Well, it turns out that George's real father wants his son back, and the Colonel and Ruth don't want him to go. The Colonel is also sad because he feels that his daughter, Julie, hates him. George runs away, and Ruth says something hurtful to Julie. In the next scene, Julie is in the Camden's kitchen late at night, with a bottle of wine and a glass. Her father is alone outside, and he's sad because George is leaving.
Right when Aunt Julie is about to take her fateful drink, we hear Matt Camden (the oldest Camden child) say, "I thought I'd find you here." He must have been standing there all that time!
Julie tells him that she just can't take it anymore. She can't cope, especially not with her parents. Matt then points to the Colonel sitting outside, and he says, "What you want is in that glass. What you need is out there."
What she wanted was obviously more attractive than what she needed. She wanted to feel good, and that could come easily: all she had to do was drink from her glass. But she needed to reach out to her father, and that was hard for her, since he could be intimidating. At the same time, what she wanted--alcohol--wouldn't bear much good fruit for anyone--herself or others.
And so Julie goes outside and comforts her dad. The two reconcile, and they live happily ever after.
I know it's only a story, since life doesn't always have a happy ending. But what Matt said was powerful. When I drank, I wanted to feel better. That's why I drank when I was by myself. When I was in a group, I drank to loosen up socially, or to get attention, or just to endure a situation that I considered intimidating (i.e., being in a group). But drinking was not exactly a cure, for it made me very passive. It dulled my mind, making it easier for me to withdraw more and more into myself. I was not reaching out to others. I was not boldly engaging tasks that intimidated me. On some level, I got what I wanted: the good feelings that came with drinking. But I was not getting what I needed: the fruitful activity that can accompany sobriety.

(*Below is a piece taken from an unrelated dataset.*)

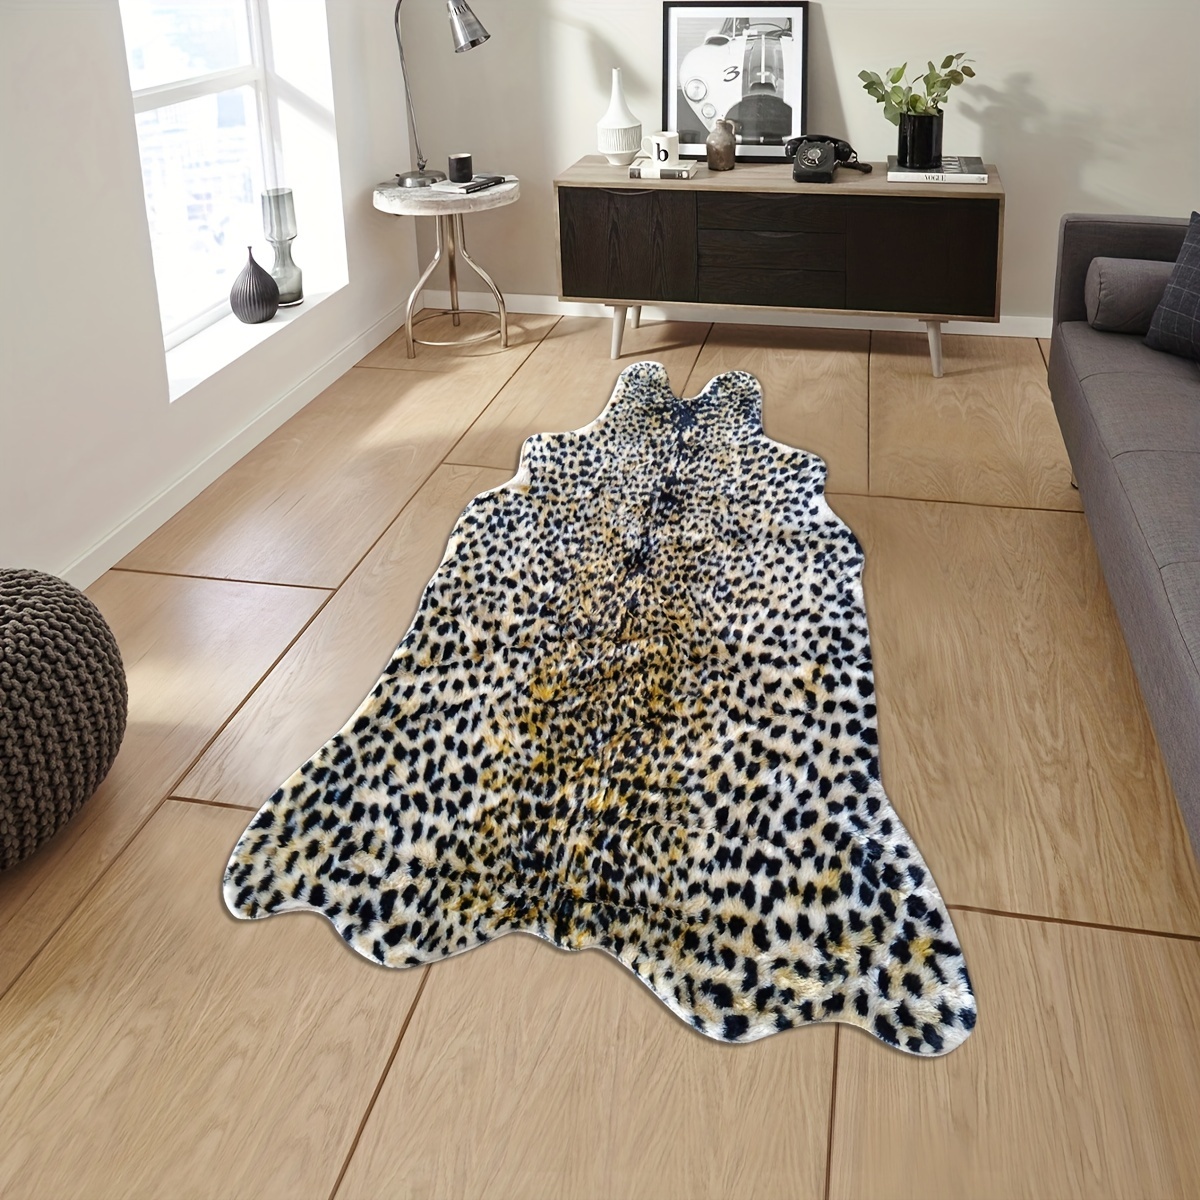 Leopard print animal print carpet

When I think back to my DePauw days, which were before I drank, I realize that I had many of the same problems back then that I have right now: shyness, introversion, timidity, etc. (Not that I'm drinking now. I'm not.) But, in those days, I at least talked when I went out with people. I didn't do that as much in my drinking days. I turned to drinking to help me socially, but it was having the opposite effect.
I think that sobriety is good because it enables me to be active. My mind is not dulled when I am sober, so, when I find myself in situations that make me uncomfortable, I have to do SOMETHING. It's fight or flight! My sobriety is my ally in all sorts of situations! Overall, doing something with a clear mind is productive. It can give me a sense of self-esteem, as well as hopefully help someone else.